> _Exercise inputs_

========================================

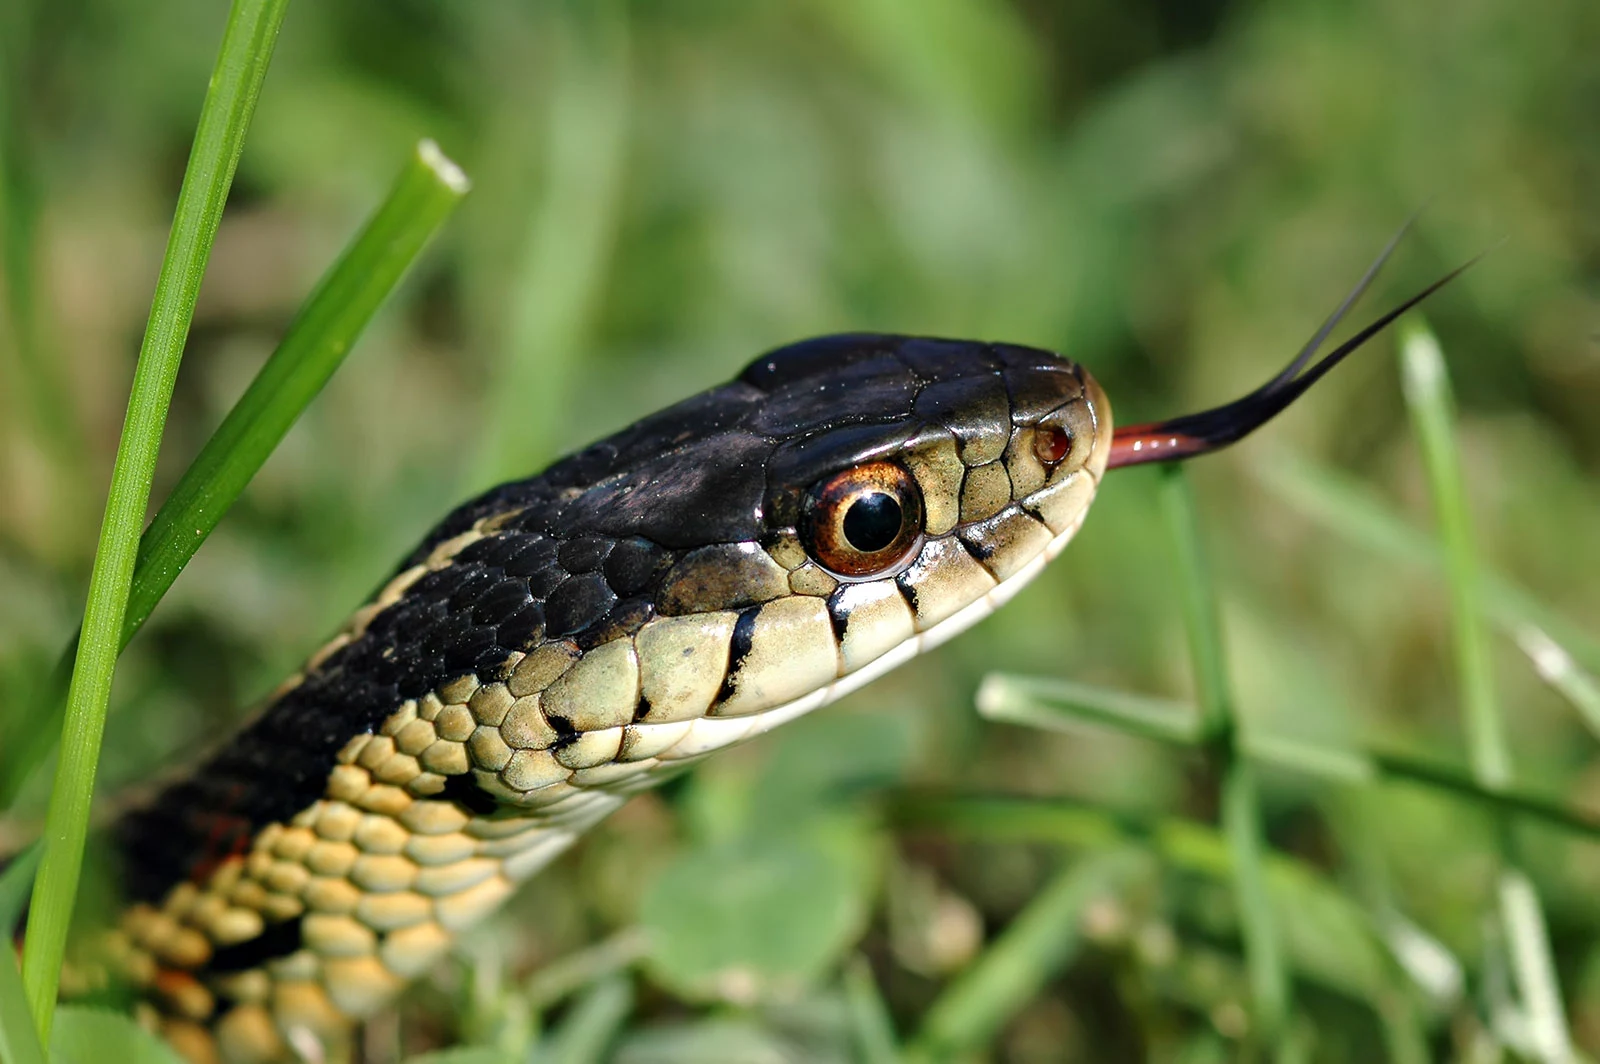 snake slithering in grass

========================================

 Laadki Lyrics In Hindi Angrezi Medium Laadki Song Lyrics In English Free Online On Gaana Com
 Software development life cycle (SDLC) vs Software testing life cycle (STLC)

========================================

> _Your objective_
Look in the material above for the line with "Laadki Lyrics In" and the line with "Software development life", and transcribe exactly those lines and all lines between them, nothing more.

> _Written response_
 Laadki Lyrics In Hindi Angrezi Medium Laadki Song Lyrics In English Free Online On Gaana Com
 Software development life cycle (SDLC) vs Software testing life cycle (STLC)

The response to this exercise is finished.